JERUSALEM,(Reuters) – Ariel Sharon’s tenure as Israel’s prime minister came to a symbolic end on Tuesday at a cabinet meeting that formally designated Ehud Olmert to replace the comatose stroke victim.
Under Israeli law, Sharon will be categorised as permanently incapacitated and unable to serve as prime minister on Friday, 100 days after suffering his stroke.
Olmert, deputy prime minister when Sharon fell ill, was named interim prime minister at the time.
At a special session, the cabinet designated Olmert acting prime minister, an appointment which Cabinet Secretary Yisrael Maimon said would go into effect on Friday. The title change will have no effect on his powers of office.
As leader of the centrist Kadima party that Sharon founded last November, Olmert is trying to form a coalition government following Israel’s March 28 parliamentary election. Kadima came in first place in the ballot.
Olmert, 60, will become prime minister in his own right once the government he hopes to put together is sworn in. He has pledged to set Israel’s borders with or without Palestinian agreement, through evacuation of isolated Jewish settlements in the occupied West Bank and the strengthening of major settler blocs in the territory.
Sharon, 78, never regained consciousness after his brain haemorrhage. The former general is expected to be moved soon to a long-term care facility, or back home to his ranch in southern Israel under medical supervision.

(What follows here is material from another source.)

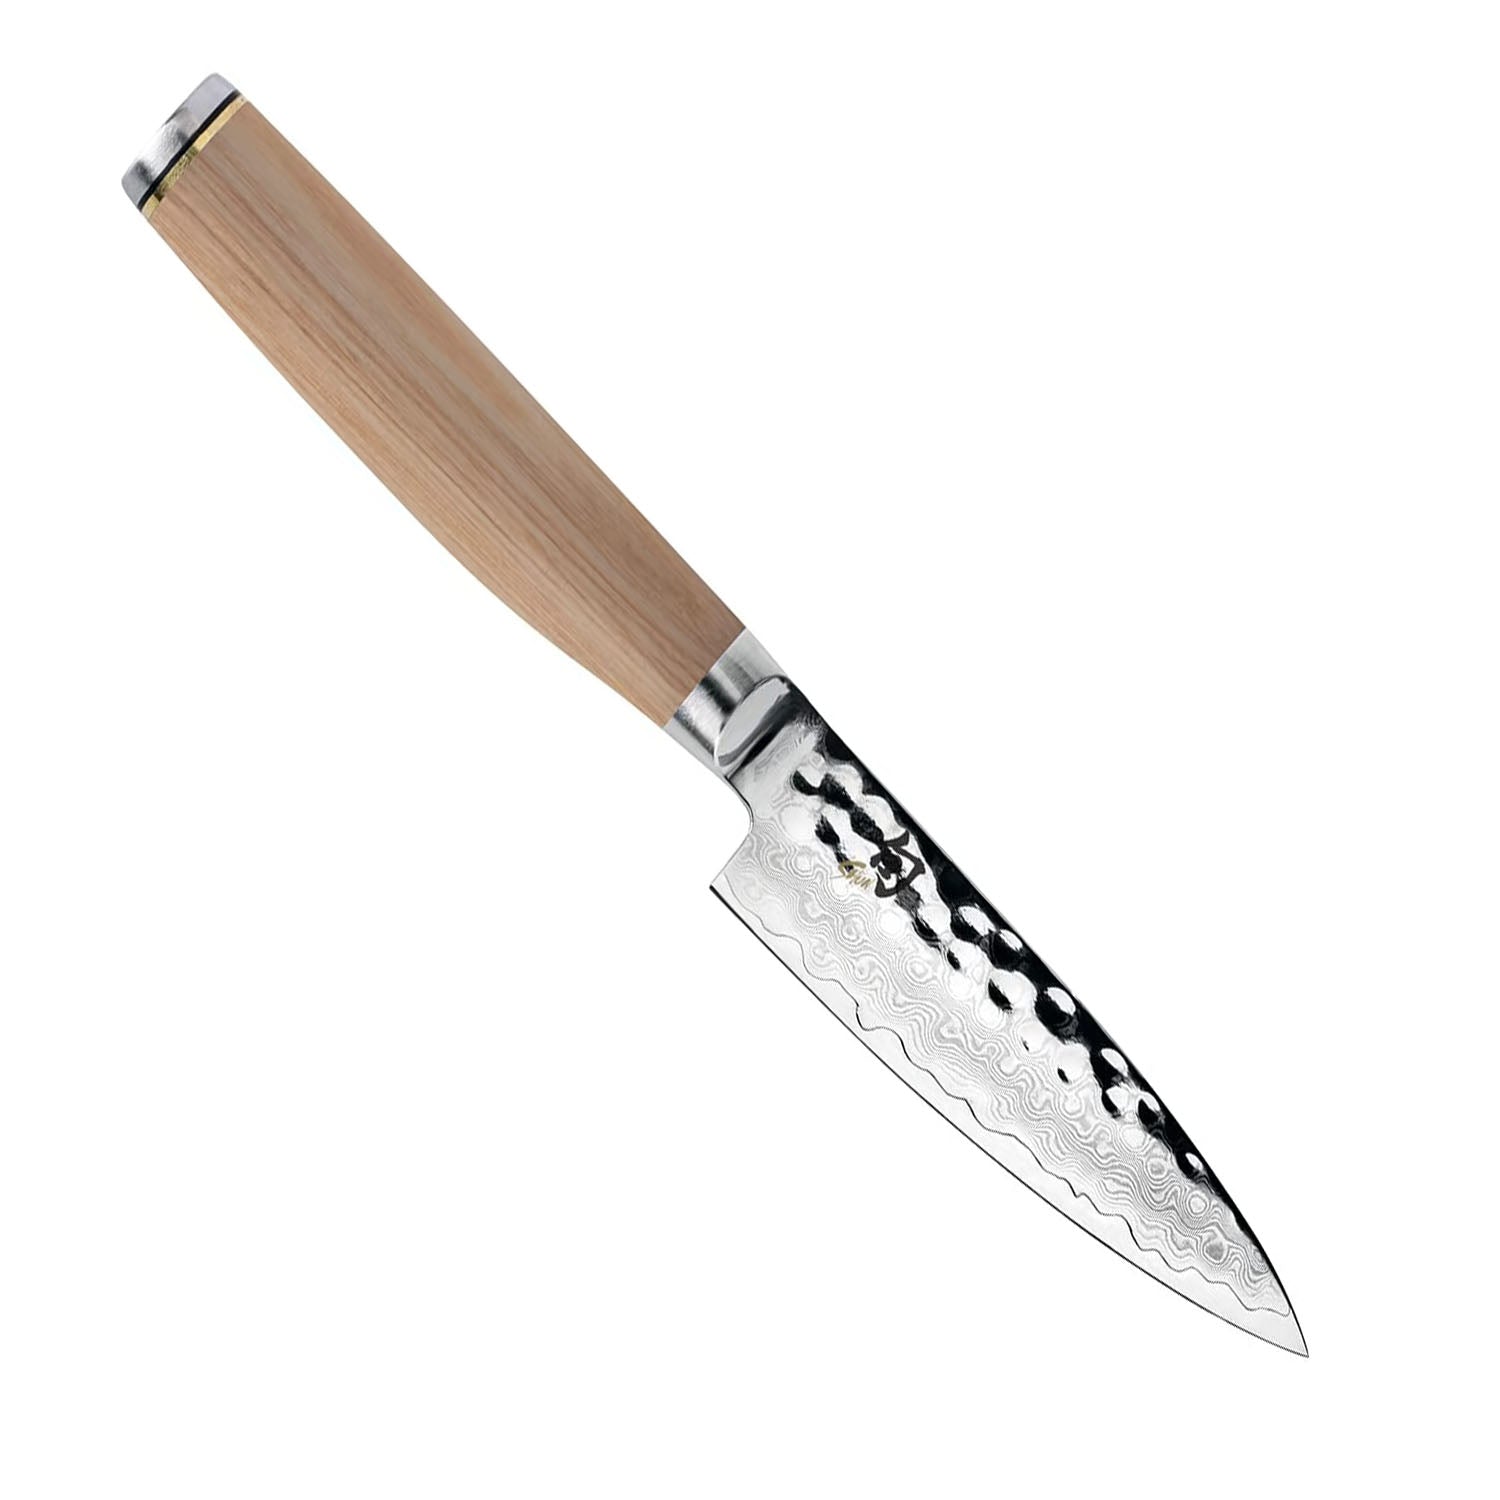 Food + Produce Knife: 4 Inch Blade

For decades, Sharon was a key figure in shaping the Middle East. Long seen as an archetypal hawk, he was first elected prime minister in 2001. In his second term, Sharon made an about-face, pulling Israeli settlers and soldiers out of the occupied Gaza Strip last year.
The dramatic move, marking the first time Israel has dismantled settlements on land Palestinians want for a state, stirred a far-right revolt in his Likud party, leading him to form Kadima.